2019/04/26

ETF Balance of the Bank of Japan Expands: Normalization and Avoidance of Risks in the Stock Market

On April 15, in the “Economic Survey “Japan”” released by the OECD, they expressed their concern toward the purchasing of ETF (Exchange-Traded Fund) by the Bank of Japan, stating that this action is potentially “damaging the market discipline”. In response to this, the Governor of the Bank of Japan, Haruhiko Kuroda, said that this “is part of a strategy to accomplish the price stability target of 2%”, and “is playing a big part toward achieving said target”.
On April 16, when asked about the issue again during the Financial Affairs Committee Meeting, Kuroda responded by saying “although I understand that there are different voices regarding this issue, it’s a necessary and important step for “stock market stability”, then quickly corrected himself, “price stability, not stock market stability”.

Dating back to January of 2013, it was at the Monetary Policy Meeting that the Bank of Japan decided on the “Price Stability Target of 2%” in terms of the “year-to-year rate of change in the CPI”.  However, as of April 2019, achieving that goal is still that of a distant dream. Amidst the concerns of the decrease in expectations toward Quantitative and Qualitative Monetary Easing (QQE), perhaps Kuroda’s “stock market stability” remark was in reaction to the mention of possible “negative side effects” as the stock market stability is an evidently achievable target. Of course, his comment was immediately corrected, but given the reality that achieving the “Price Stability Target” cannot be seen at this point, the concern toward the market deformation and negative side effects may be growing within Kuroda.

For 2018, the purchasing of ETF by the Bank of Japan reached 6.504 trillion yen. In December of the same year, their ETF holdings were 23.5497 trillion yen, accounting for about 4% of the total market capitalization (stocks) of the companies listed in the first section of the Tokyo Stock Exchange. This amount continued to increase into the new year, and by the end of March, could have exceeded 28 trillion yen. As numerously explained by Kuroda, the objective for the purchasing of ETF by the Bank of Japan is for price stability, not stock market operations through market interventions, nor for net investment. Therefore, they cannot sell the ETF until this target is met, and therefore is leading to a dent in the stock market, which in actuality should accurately reflect corporate value.

However, this is not the only issue. In the worst case scenario, should the market price experience a sharp drop and its current value falls below the acquisition value, the Bank of Japan will end up holding a large latent loss. In other words, there’s a possibility that the trust of the Japanese Yen itself may be damaged. And to avoid this risk, there is a need to decrease the remaining ETF holdings.

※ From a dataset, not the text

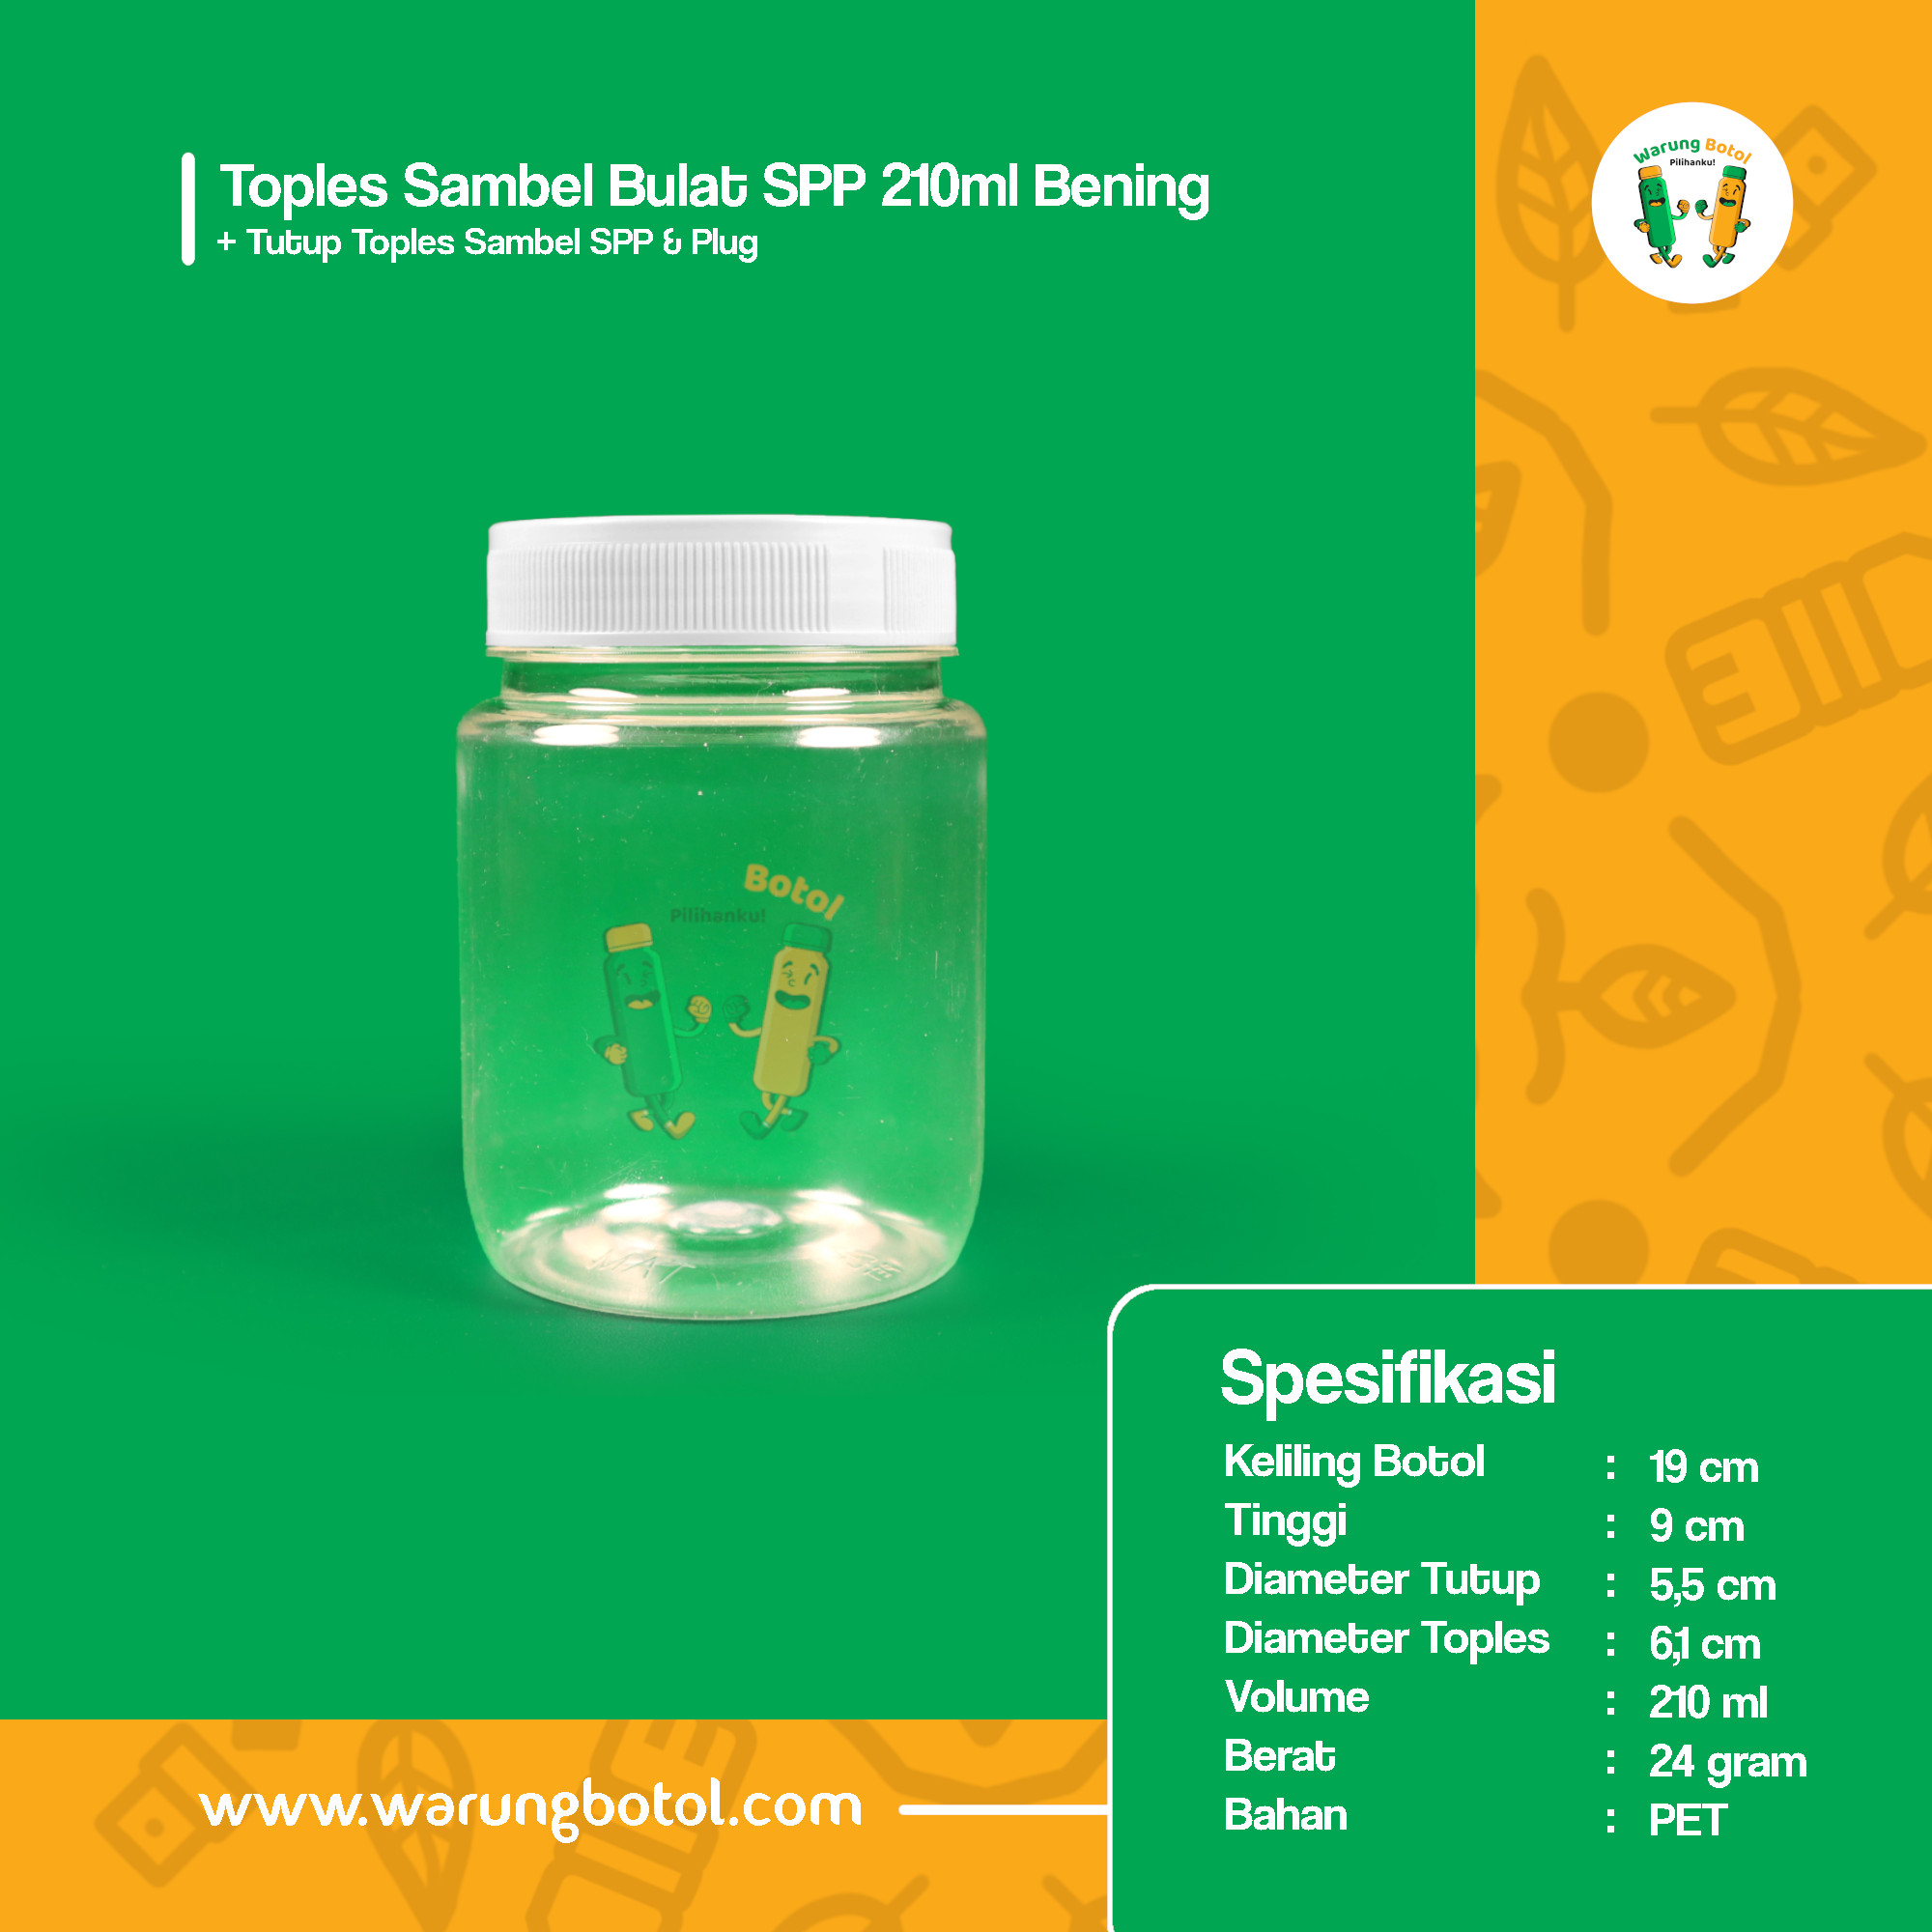 distributor toko jual toples botol plastik sambal 210ml murah untuk sambel terdekat di bandung, jakarta, bekasi, bogor

However, there is a fear and risk that selling the ETF may entice a drop in the market price, meaning that the Bank of Japan is in a situation of no return, of no turning back.
Even if this is the case, the Bank of Japan is preparing an effective exit strategy, and is entering the period of expressing its will to decide on a policy under certain circumstances. This should mean that it will be effective in the sense of increasing “the number of hands” as a financial policy as well.